David Hill attacked Alger for the veto, asking a crowd in Wisconsin, “why should we let a wealthy robber-baron instruct us to help ourselves, when he controls the purse-strings to a vast treasury that could give aid and comfort to stricken farmers across the country. What if the state of Wisconsin were afflicted with an agricultural blight? Would you look with favor upon a President telling you that, despite his millions and despite the government’s millions, no help will be forthcoming?”
Meanwhile, the weevil continued to ruin cotton harvests, and sharecroppers could not get rid of them all, no matter how many times a day they went out into the fields to remove them from the cotton plants. By October of 1892, the price of cotton had shot up 500% from the price in April of 1891, and textile businesses around the industrialized world increasingly came to rely on cotton from the French Sahel, the Khedivate of Egypt, and south Soudan. In the United States, the Southern economy that had depended on cotton almost since its inception was rocked to its very core, and farmers across the region faced hard, uncertain times for the foreseeable future. Some followed the lead of Mississippi and South Carolina and reluctantly began planting soybeans and cowpeas, but the damage had been done – the Weevil Depression had begun.”
From “True Grit: The Making of the West”, by Arnold Banks
Published 1967
“Arising over a dispute over land and water rights in southern Yellowstone, the Pease County War was a conflict between large cattle ranchers and smallholding settlers. The lynching of two settlers accused of banditry by the ranchers, the latest in a string of murders of suspected rustlers, caused tensions to explode into violent conflict. After a series of skirmishes, a posse hired by the ranchers attempted to invade Thomas County and drive out the settlers. A stalemate ensued, as fighting raged on and the death toll began to climb.
[…]
While President Alger ultimately dispatched troops to quell the violence, the army came down on the side of the ranchers and their hired militia. The Department of Justice declined to press charges against the ranchers accused of murder. The Attorney General did, however, prosecute three smallholders for property damage, accusing them of killing ranching horses and cattle, and destroying fences and a barn. The Pease County War was thus used as campaign fodder by David Hill, as he accused Alger of ignoring the law in favor of protecting the interests of the wealthy. Worse, Hill alleged, “the President in his wisdom has decided to punish the homesteaders of Pease County for not having the money, the land, and the power that the ranchers cling to.” The backlash against Alger intensified western opposition to his reelection, and the violence of the conflict made even midwestern and eastern audiences uneasy.”

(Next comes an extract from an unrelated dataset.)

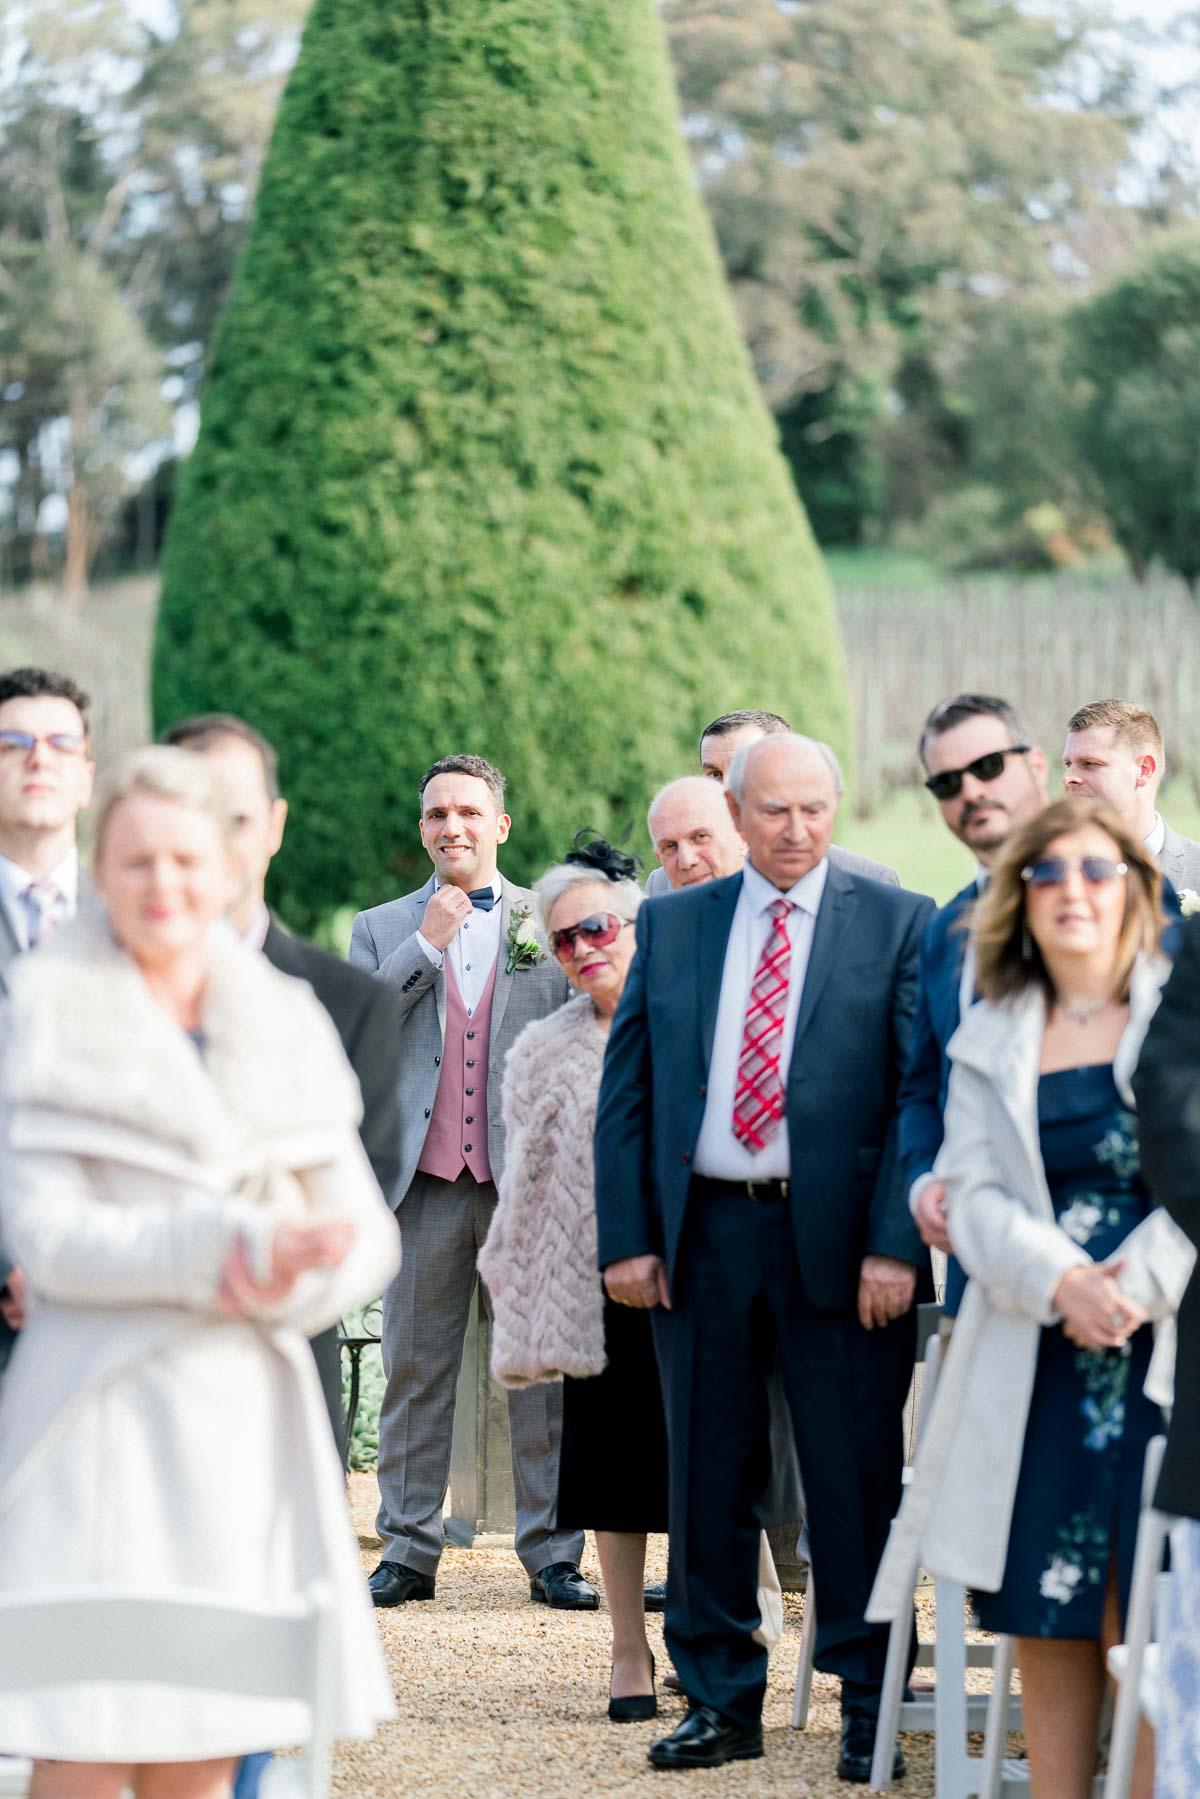 lindenderry-wedding-heart+soul-weddings-amy-alain-03211.jpg

From “The House of Freedom: A Story of America’s Oldest Party”, by Leander Morris
Published 1987
“Foraker did not participate actively in the 1892 election, having barely clung to the Governorship the year prior. Instead, aided by his primary backer Mark Hanna, he focused on building up a base of support for an 1896 bid, repairing relations with William McKinley and working on uniting the Ohio Freedom Party. He signed a bill allowing saloons to remain open on Sundays, appeasing the anti-prohibition faction of the party, secured former President Sherman’s private endorsement for 1896, and stumped for dozens of state and local races, including McKinley’s 1892 bid for Congress.
While McKinley’s Congressional race was unsuccessful, he only lost narrowly in a district that state Nationalists had gerrymandered heavily, and this close race was attributed to Foraker’s involvement. In a bad year for Freedomites nationally, and even as President Alger lost Ohio narrowly, Freedomites gained seats in the Ohio state legislature, though not enough to regain a majority. Foraker’s hand in this not only solidified his support from state allies like Hanna, but also raised his national profile as an adept campaigner.”
From “American Elections”, by Diane Greene
Published 2014
“Governor Hill ran an active campaign, travelling by train across the Midwest and upper South and speaking to crowds that sometimes numbered in the tens of thousands. He frequently attacked President Alger for the boll weevil, support of the gold standard, opposition to anti-trust laws, and incompetence in the Black Hills War. He also relied on an army of surrogates, including Governor Preston Powell, Congressman John Peter Altgeld, former Governor Patrick Collins, and Congressman Benjamin Aycock Jr. Collins campaigned heavily in Massachusetts and New York to drive up Catholic turnout, while Altgeld worked to swing German American voters, especially in Illinois, Ohio, and Wisconsin. Powell barnstormed the coal belt, making speeches in Vandalia, Kentucky, Pennsylvania, and Ohio. Aycock crisscrossed the upper south with a populist, borderline white supremacist message. He campaigned heavily for Hill in Missouri and Virginia, targeting poor rural white voters.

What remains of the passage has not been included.